Extracted information:
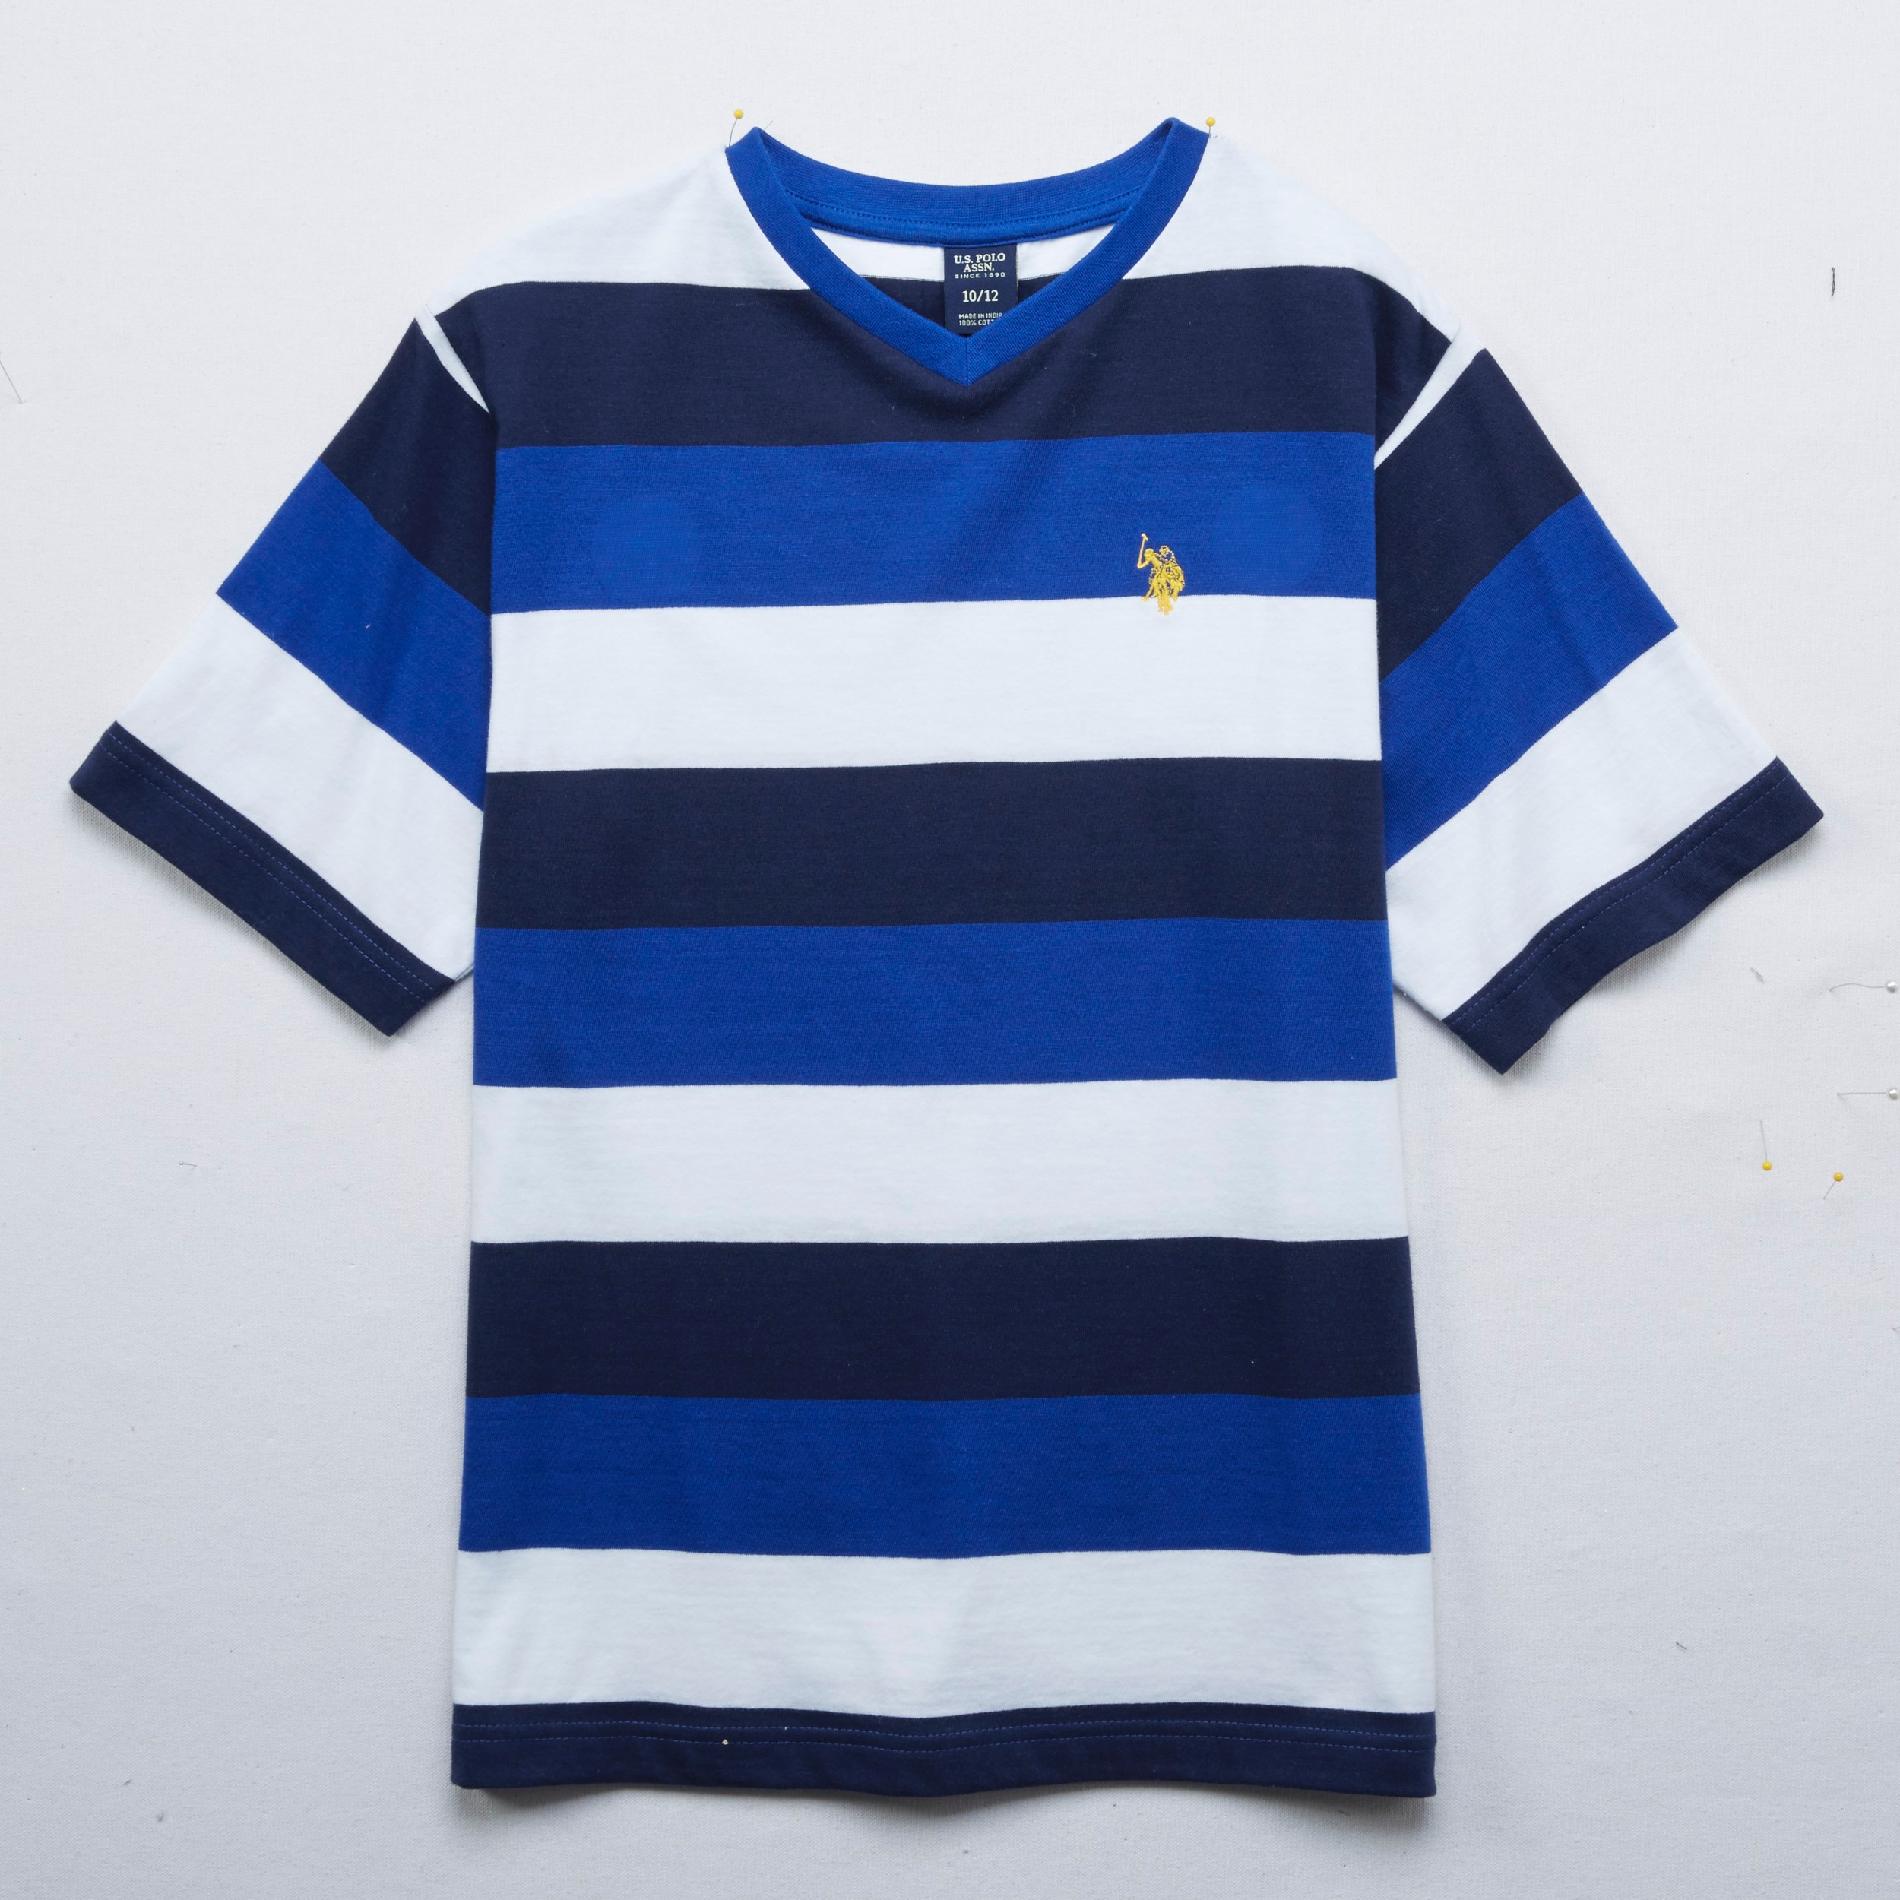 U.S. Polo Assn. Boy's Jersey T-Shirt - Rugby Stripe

==

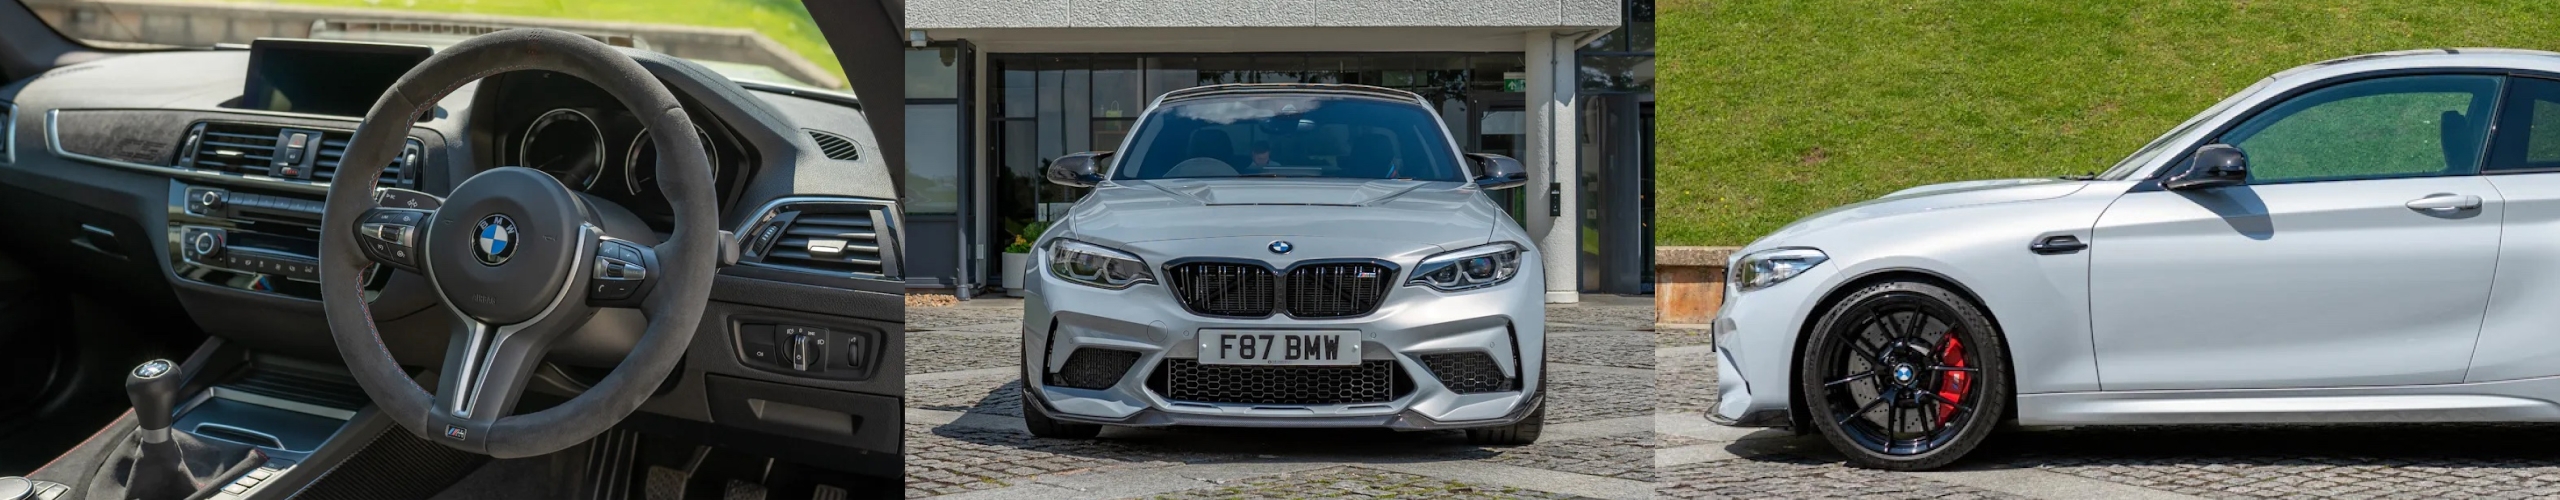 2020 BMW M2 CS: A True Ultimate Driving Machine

--

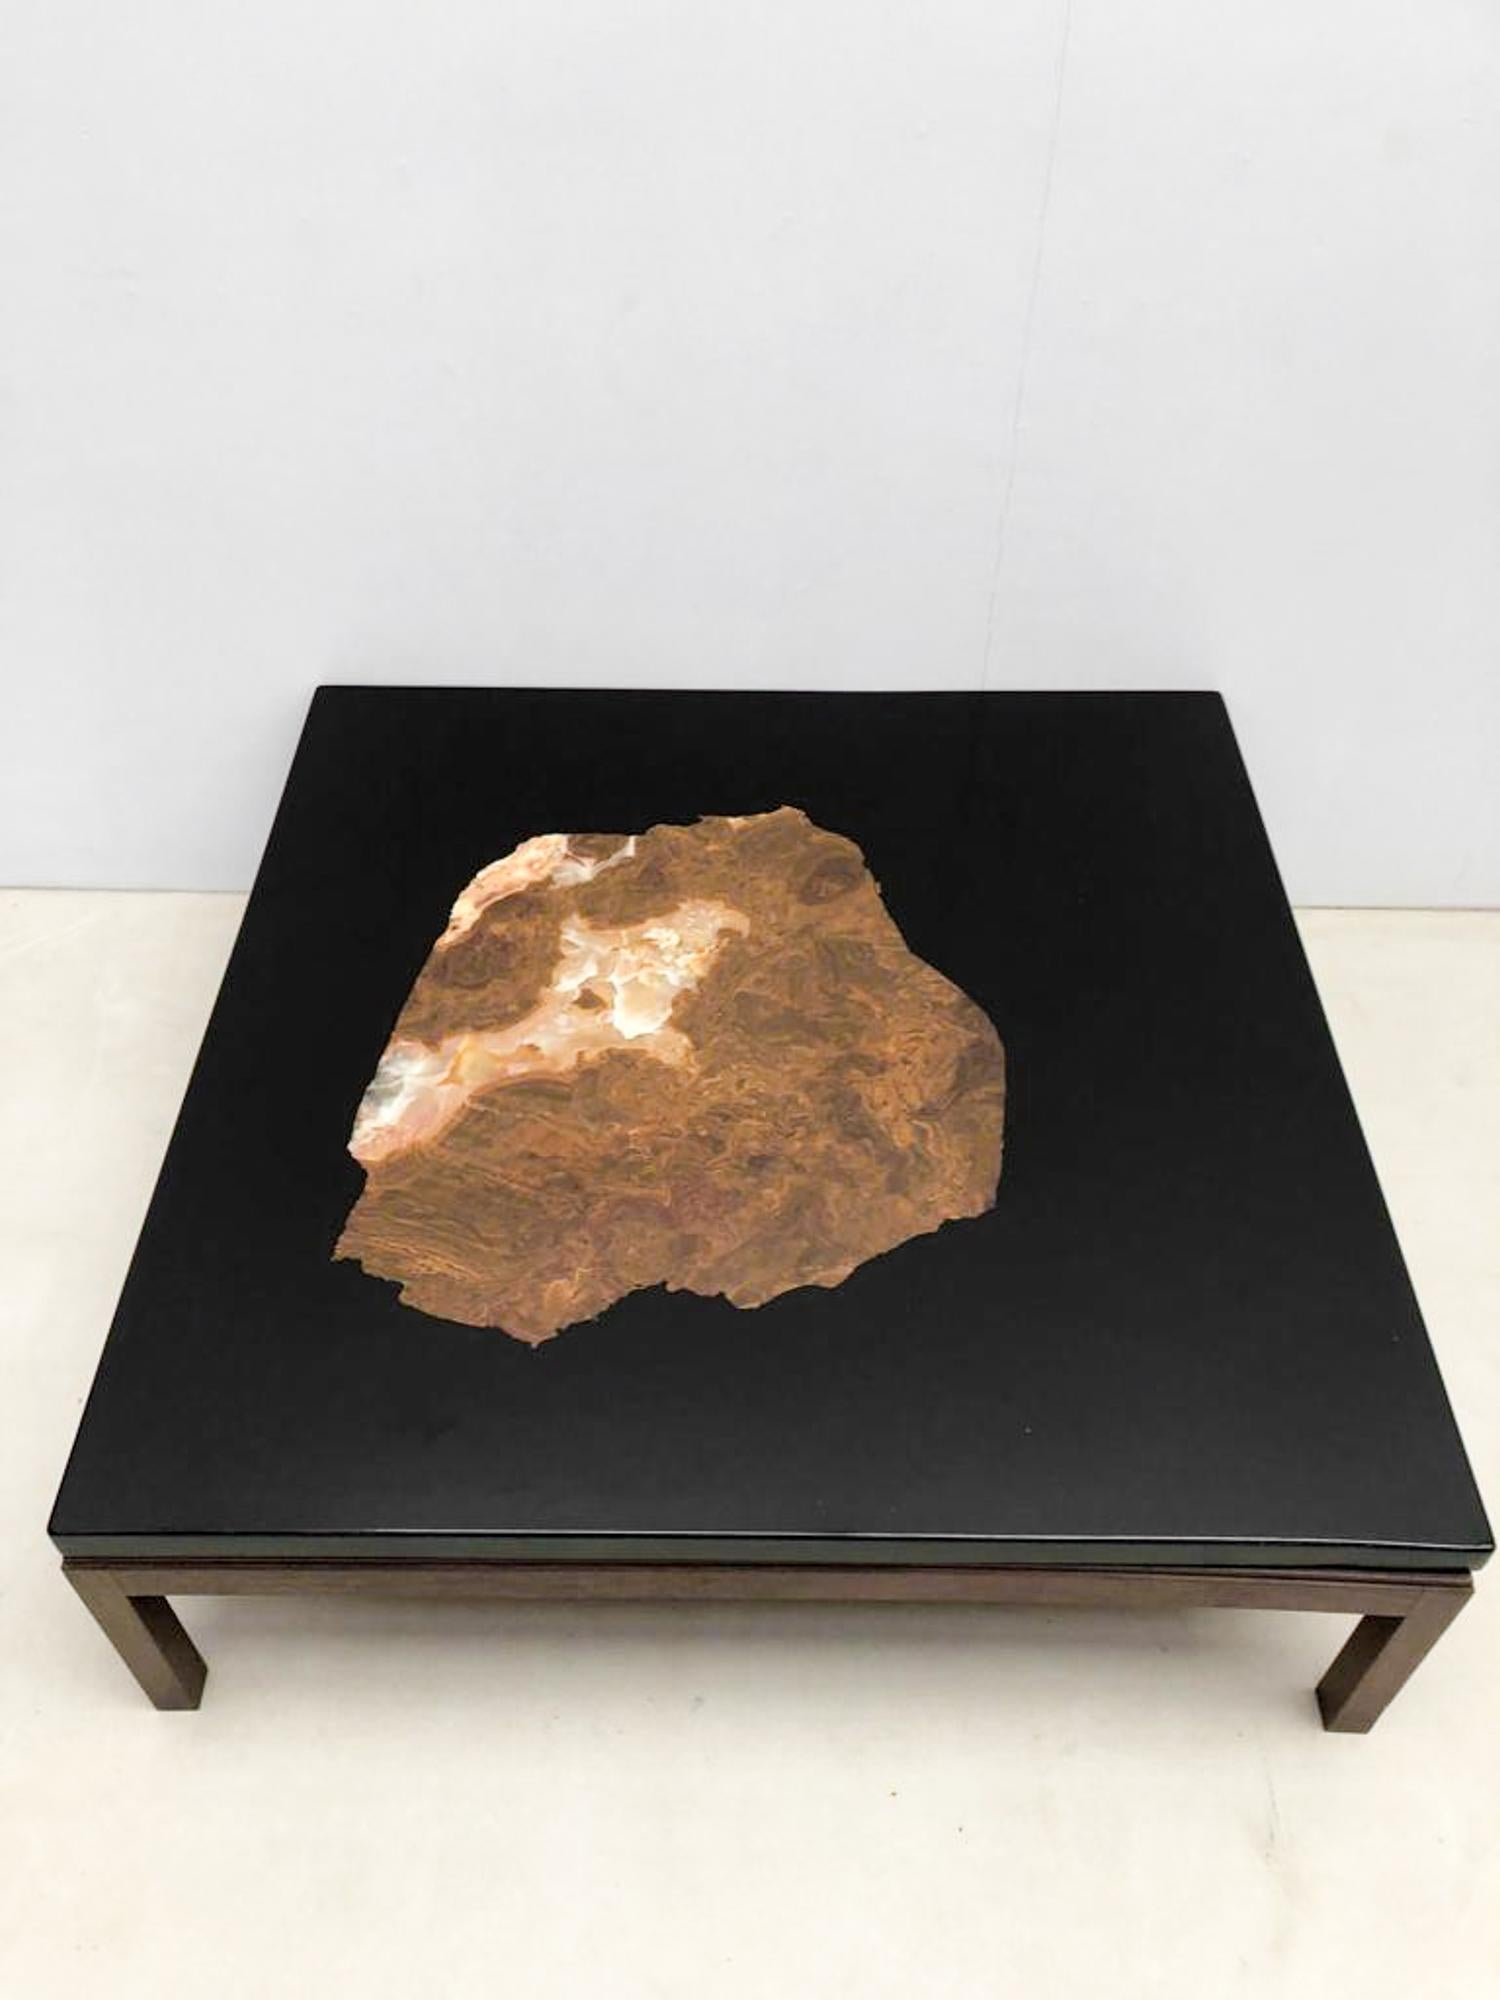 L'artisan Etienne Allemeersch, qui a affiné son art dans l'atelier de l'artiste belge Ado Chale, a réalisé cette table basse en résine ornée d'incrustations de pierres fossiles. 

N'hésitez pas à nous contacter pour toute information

Brief:
Exact repeat of the material above: every line from the one with "L'artisan Etienne Allemeersch, qui" through the one with "N'hésitez pas à", endpoints included, and nothing more. No pictures.

Output of the task:
 L'artisan Etienne Allemeersch, qui a affiné son art dans l'atelier de l'artiste belge Ado Chale, a réalisé cette table basse en résine ornée d'incrustations de pierres fossiles. 

N'hésitez pas à nous contacter pour toute information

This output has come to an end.